Adams S E, Johnson I D, Braddock M, Kingsman A J, Kingsman S M, Edwards R M
Department of Molecular Biology, British Bio-technology Ltd, Cowley, Oxford, UK.
Nucleic Acids Res. 1988 May 25;16(10):4287-98. doi: 10.1093/nar/16.10.4287.
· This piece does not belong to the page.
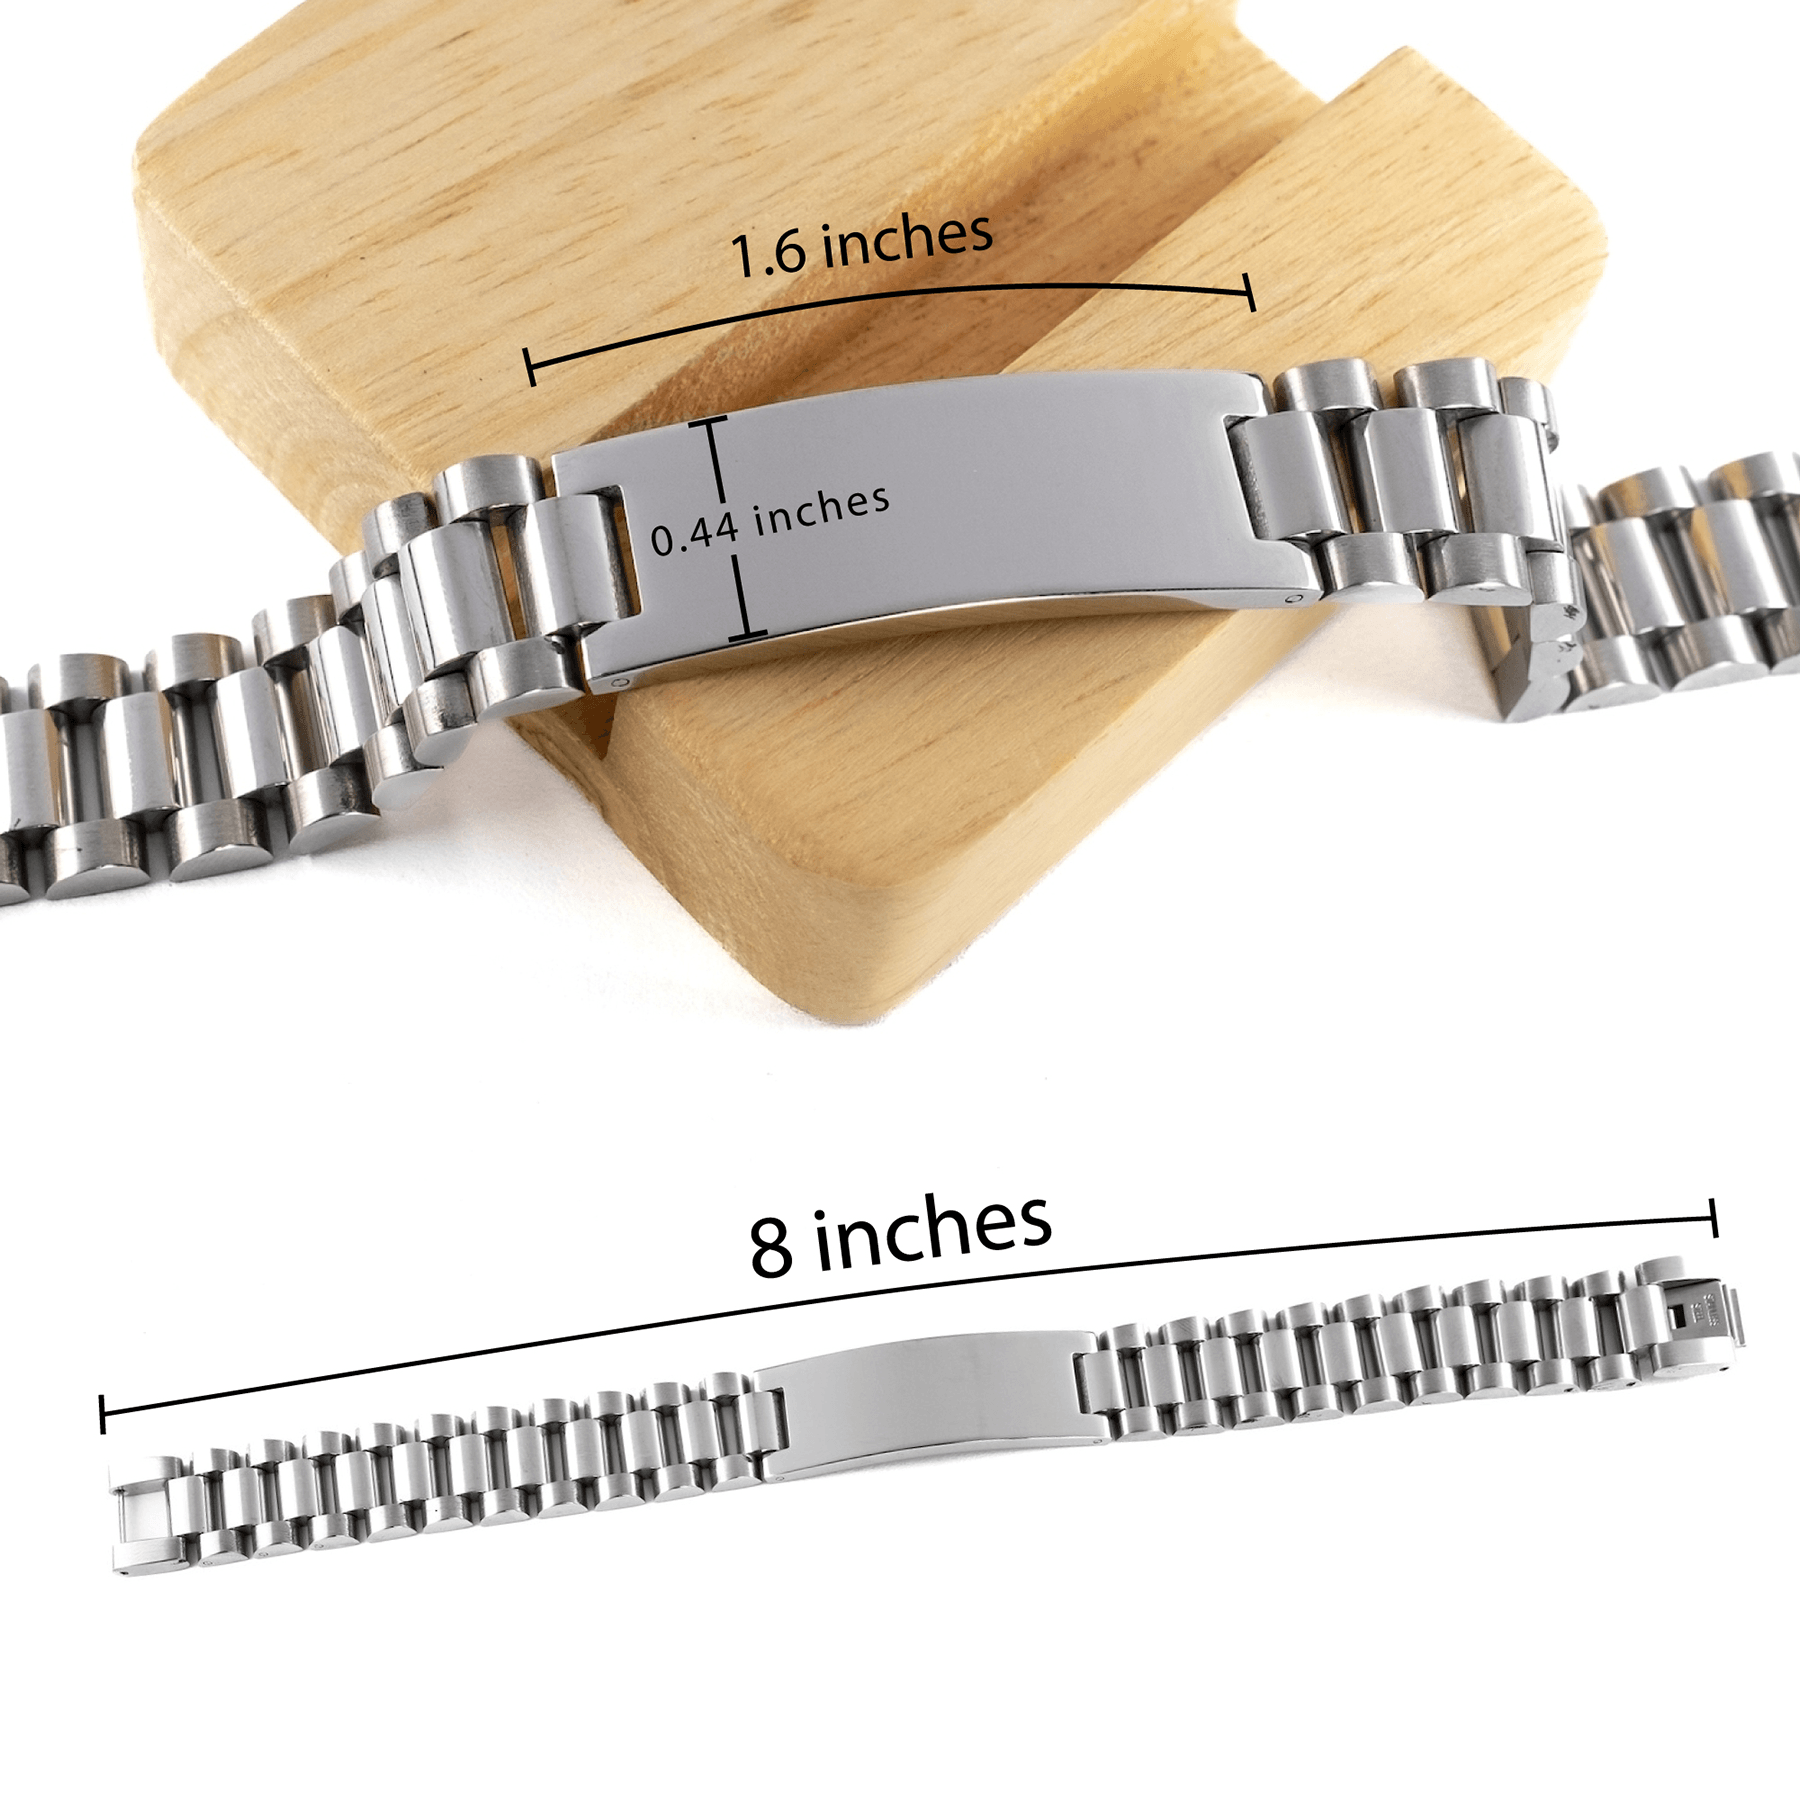 Sarcastic Electrical Engineer Ladder Stainless Steel Bracelet Gifts, Christmas Holiday Gifts for Electrical Engineer Birthday, Electrical Engineer: Because greatness is woven into the fabric of every day, Coworkers, Friends - Mallard Moon Gift Shop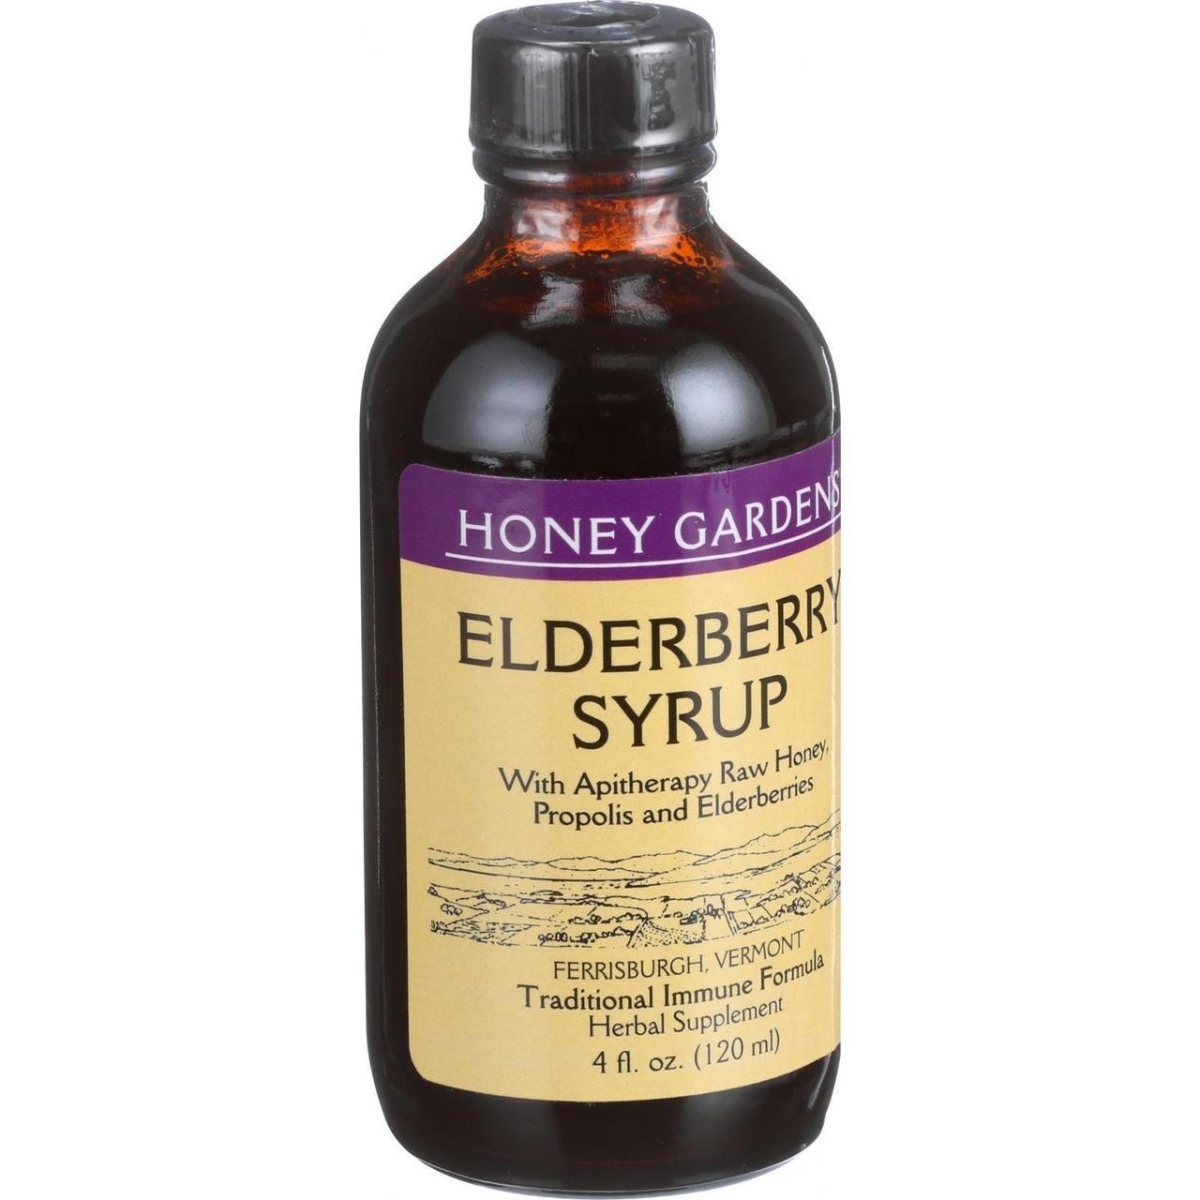 Hg0311498 4 Oz Elderberry Syrup With Apitherapy Raw Honey, Propolis & Elderberries - Cough

The synthesis of a gene for the HIV TAT protein is described using a novel approach that capitalises on the ability to synthesise oligonucleotides of greater than 100 bp in length. It involves the synthesis of large oligomers covering one strand of the desired gene in its entirety and the use of small complementary bridging and adapter oligonucleotides to direct the assembly and cloning of the large oligomers. After ligation to the cloning vector the partially single stranded intermediate is transformed directly into the recipient bacterial host where the plasmid is repaired. The synthetic tat gene has been expressed in HeLa cells and is shown to trans-activate TAR+ but not TAR- HIV LTR-CAT constructs.
本文描述了一种合成HIV TAT蛋白基因的新方法,该方法利用了合成长度超过100 bp寡核苷酸的能力。它涉及合成覆盖所需基因一条链的全部的大寡聚物,并使用小的互补桥接和衔接子寡核苷酸来指导大寡聚物的组装和克隆。连接到克隆载体后,部分单链中间体直接转化到受体细菌宿主中,在那里修复质粒。合成的tat基因已在HeLa细胞中表达,并显示能反式激活TAR+但不能反式激活TAR-的HIV LTR-CAT构建体。